I already gave +1 to Byers, but as far as I remember, this article doesn’t really talk about how the regular expression works, without explaining why one algorithm is bad and the other is much better. Maybe something in the links?
I will focus on a good approach - the creation of finite state machines. If you limit yourself to deterministic automata without minimization, this is not too complicated.
What I (very quickly) described is the approach taken in Modern compiler design .
Imagine you have the following regular expression ...
a (bc)* d
Letters represent letter characters to match. * - normal match with zero or more repetitions. The basic idea is to derive states based on dotted rules. We take State zero as a state in which nothing was matched, so the point goes ahead ...
0 : .a (bc)* d
The only possible match is 'a', so the next state we get is ...
1 : a.(bc)* d
Now we have two possibilities - match “b” (if there is at least one repeat of “bc”) or match “d” otherwise. Note. Basically we do a digraph search here (first in depth or in width, or another), but we find the digraph when we look for it. Assuming the strategy is wide, we will need to queue up one of our cases for further consideration, but I will ignore this question here. Anyway, we discovered two new conditions ...
2 : a (bc)* d 3 : a (bc)* d.
State 3 is the final state (there may be several). For state 2, we can only match “c”, but after that we must be careful with the dot. We get "a. (B c) * d" - the same as state 1, so we do not need a new state.
IIRC, the approach in Modern Compiler Design is to translate the rule when you click on the operator to simplify point processing. State 1 will be converted to ...
1 : ab c (bc)* d ad
So your next parameter should either match the first rep or skip the rep. The following states from this are equivalent to states 2 and 3. The advantage of this approach is that you can discard all your past matches (all up to "."), Since you only care about future matches. This usually gives a smaller state model (but not necessarily a minimum).
EDIT If you discard already agreed data, your state description is a representation of a set of strings that can occur from that point.
In terms of abstract algebra, this is a kind of closure of the set. An algebra is basically a collection with one (or more) operators. Our set is descriptions of states, and our operators are our transitions (character matches). A closed set is an application in which applying any operator to any member in a set always creates another element that is in the set. Closing a set is a finite set that is closed. Thus, basically, starting from the obvious start state, we build a minimal set of states that is closed with respect to our set of transition operators - the minimum set of reachable states.
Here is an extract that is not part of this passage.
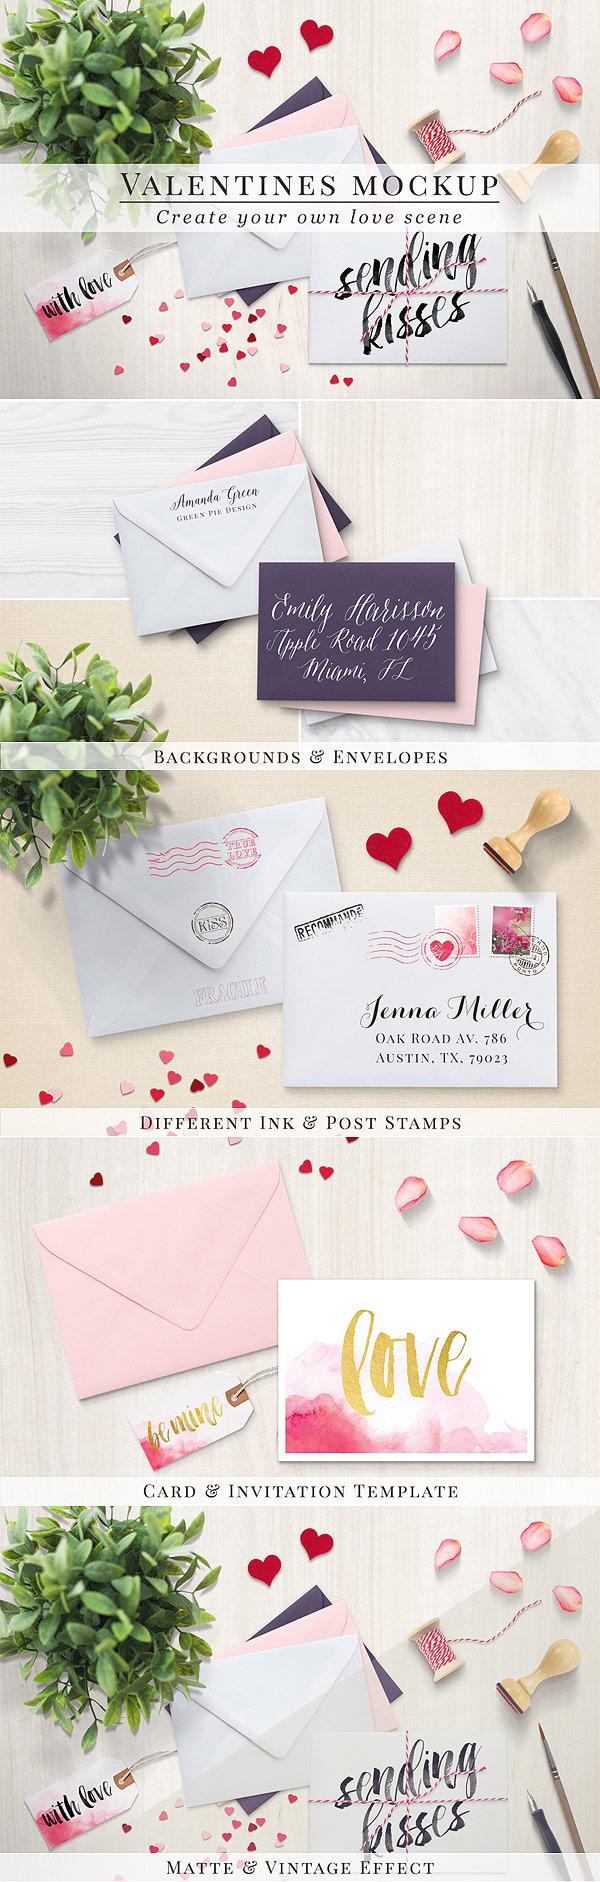 Valentines mockup - envelopes (46)

Minimum here refers to the closing process - there may be smaller equivalent automata, which are usually called minimal.
Given this basic idea, it’s not so difficult to say “if I have two state machines representing two sets of strings, how do I get a third representing the union” (or intersection, or set the difference ...), Instead of dashed rules, your state representations will have a current state (or many current states) from each input automaton and, possibly, additional information.
If your regular grammar becomes complicated, you can minimize it. The basic idea here is relatively simple. You group all your states into one equivalence class or “block”. Then you repeatedly check whether the blocks need to be separated (the states are not really equivalent) with respect to a certain type of transition. If all the states in a particular block can take the correspondence of the same symbol and at the same time reach the same next block, they are equivalent.
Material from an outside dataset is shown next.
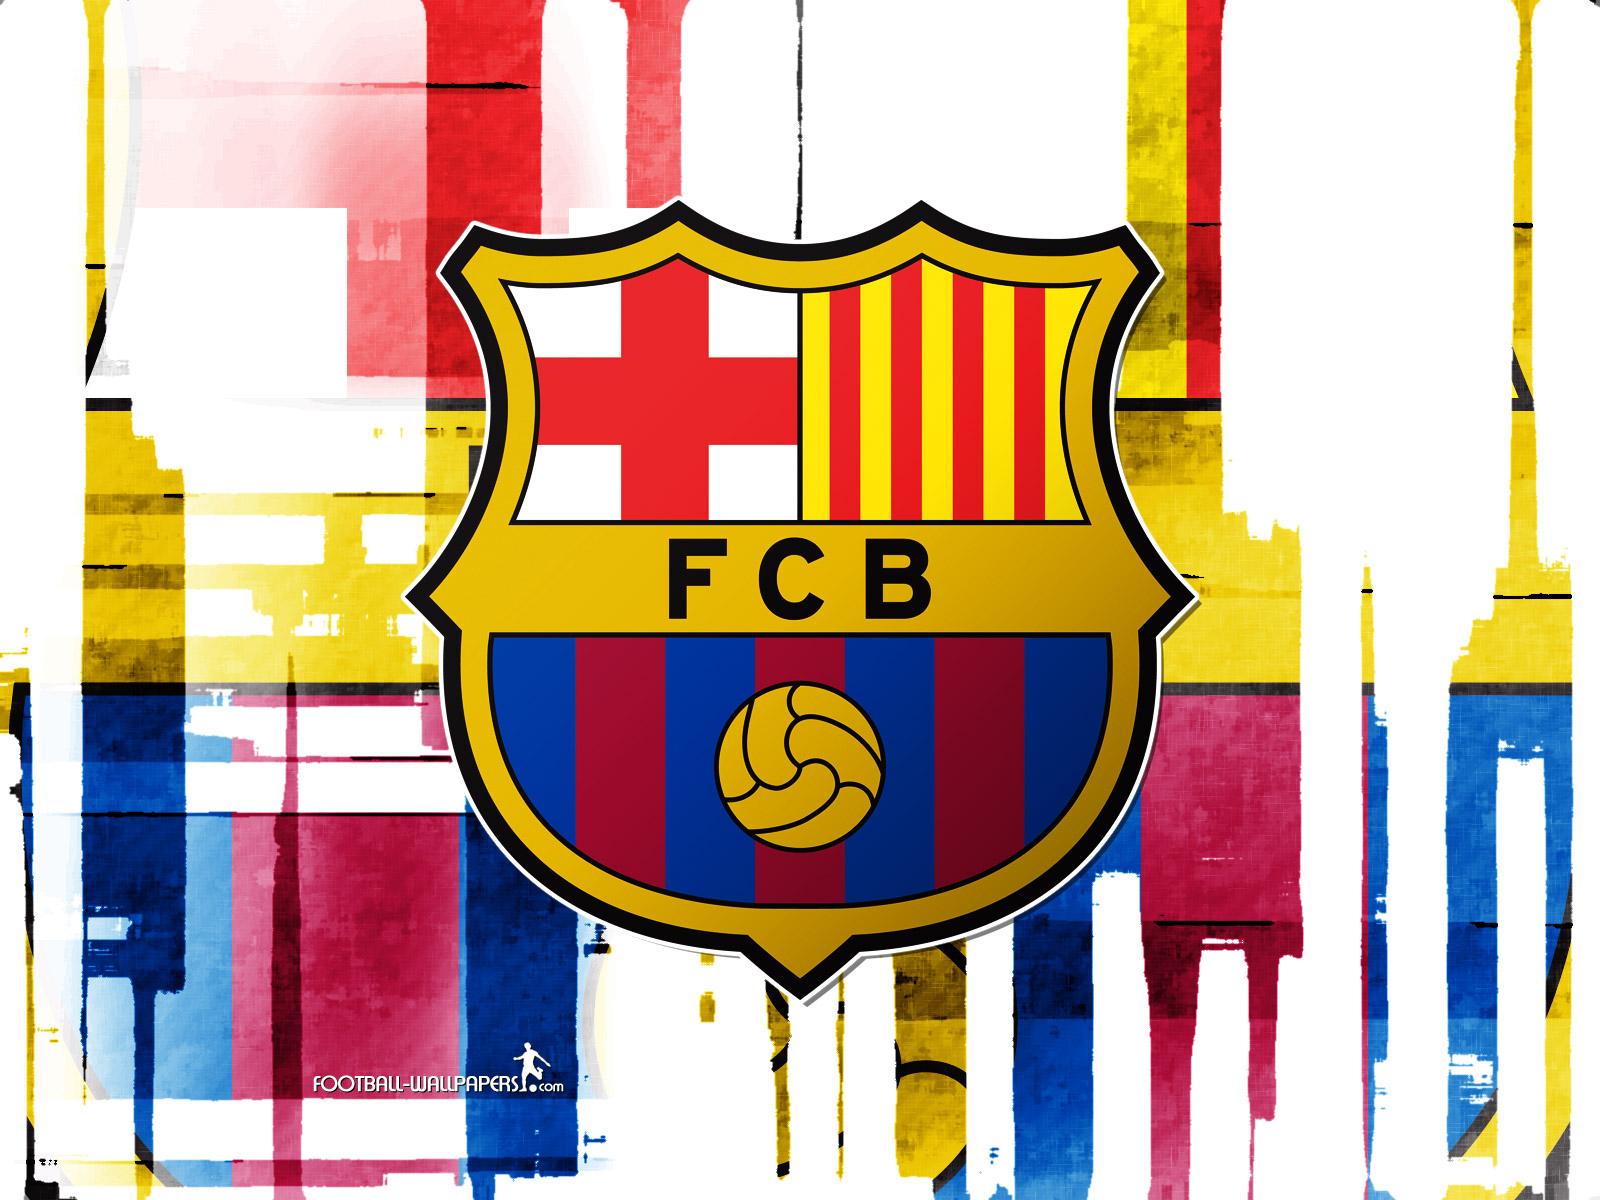 FC Barcelona Wallpapers fc barcelona 484407 1600 1200jpg 1600x1200

The Hopcrofts algorithm is an effective way to deal with this basic idea.
It is especially interesting that minimization consists in the fact that each deterministic finite automaton has exactly one minimal form. In addition, the Hopcrofts algorithm will give the same representation of this minimal form, no matter what representation of the larger case it started. That is, this is a "canonical" representation that can be used to obtain a hash or for arbitrarily consistent orders. This means that you can use minimal automata as keys in containers.
The above is probably a slightly messy definition of WRT, so make sure you learn any terms yourself before using them yourself, but with little luck it gives a fair, brief introduction to the main ideas.
BTW - take a look at the rest of Dick Grunes's website - he has a free pdf book on parsing methods. The first edition of Modern Compiler Design is pretty good IMO, but as you will see, the second edition appears.